[pypy-dev] certificate for accepting numpypy new funcs?
Maciej Fijalkowski
fijall at gmail.com
Fri Jan 20 09:36:01 CET 2012
On Fri, Jan 20, 2012 at 2:31 AM, Alex Gaynor <alex.gaynor at gmail.com> wrote:
>
>
> On Thu, Jan 19, 2012 at 6:25 PM, Wes McKinney <wesmckinn at gmail.com> wrote:
>>
>> On Thu, Jan 19, 2012 at 7:20 PM, Alex Gaynor <alex.gaynor at gmail.com>
>> wrote:
>> >
>> >
>> > On Thu, Jan 19, 2012 at 6:15 PM, Wes McKinney <wesmckinn at gmail.com>
>> > wrote:
>> >>
>> >> On Thu, Jan 19, 2012 at 2:49 PM, Dmitrey <dmitrey15 at ukr.net> wrote:
>> >> > On 01/19/2012 07:31 PM, Maciej Fijalkowski wrote:
>> >> >>
>> >> >> On Thu, Jan 19, 2012 at 6:46 PM, Dmitrey<dmitrey15 at ukr.net> wrote:
>> >> >>>
>> >> >>> Hi all,
>> >> >>> could you provide clarification to numpypy new funcs accepting (not
>> >> >>> only
>> >> >>> for
>> >> >>> me, but for any other possible volunteers)?

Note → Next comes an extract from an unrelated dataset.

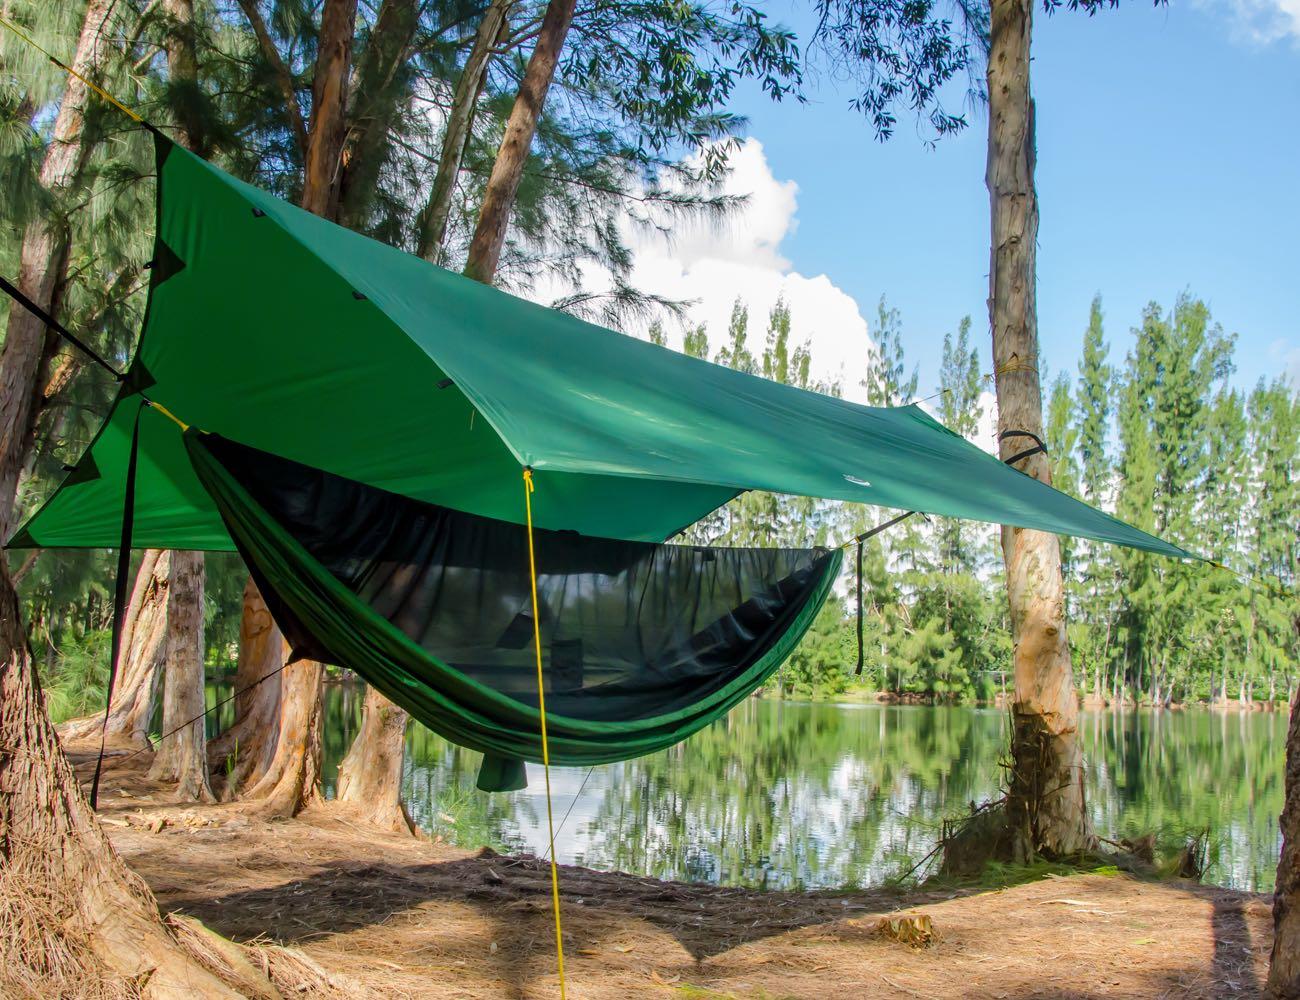 Enclosed Camping Hammocks

>> >> >>> The doc I've been directed says only "You have to test exhaustively
>> >> >>> your
>> >> >>> module", while I would like to know more explicit rules.
>> >> >>> For example, "at least 3 tests per func" (however, I guess for
>> >> >>> funcs
>> >> >>> of
>> >> >>> different complexity and variability number of tests also should
>> >> >>> expected
>> >> >>> to
>> >> >>> be different).
>> >> >>> Also, are there any strict rules for the testcases to be submitted,
>> >> >>> or
>> >> >>> I,
>> >> >>> for example, can mere write
>> >> >>>
>> >> >>> if __name__ == '__main__':
>> >> >>> assert array_equal(1, 1)
>> >> >>> assert array_equal([1, 2], [1, 2])
>> >> >>> assert array_equal(N.array([1, 2]), N.array([1, 2]))
>> >> >>> assert array_equal([1, 2], N.array([1, 2]))
>> >> >>> assert array_equal([1, 2], [1, 2, 3]) is False
>> >> >>> print('passed')
>> >> >>
>> >> >> We have pretty exhaustive automated testing suites. Look for example
>> >> >> in pypy/module/micronumpy/test directory for the test file style.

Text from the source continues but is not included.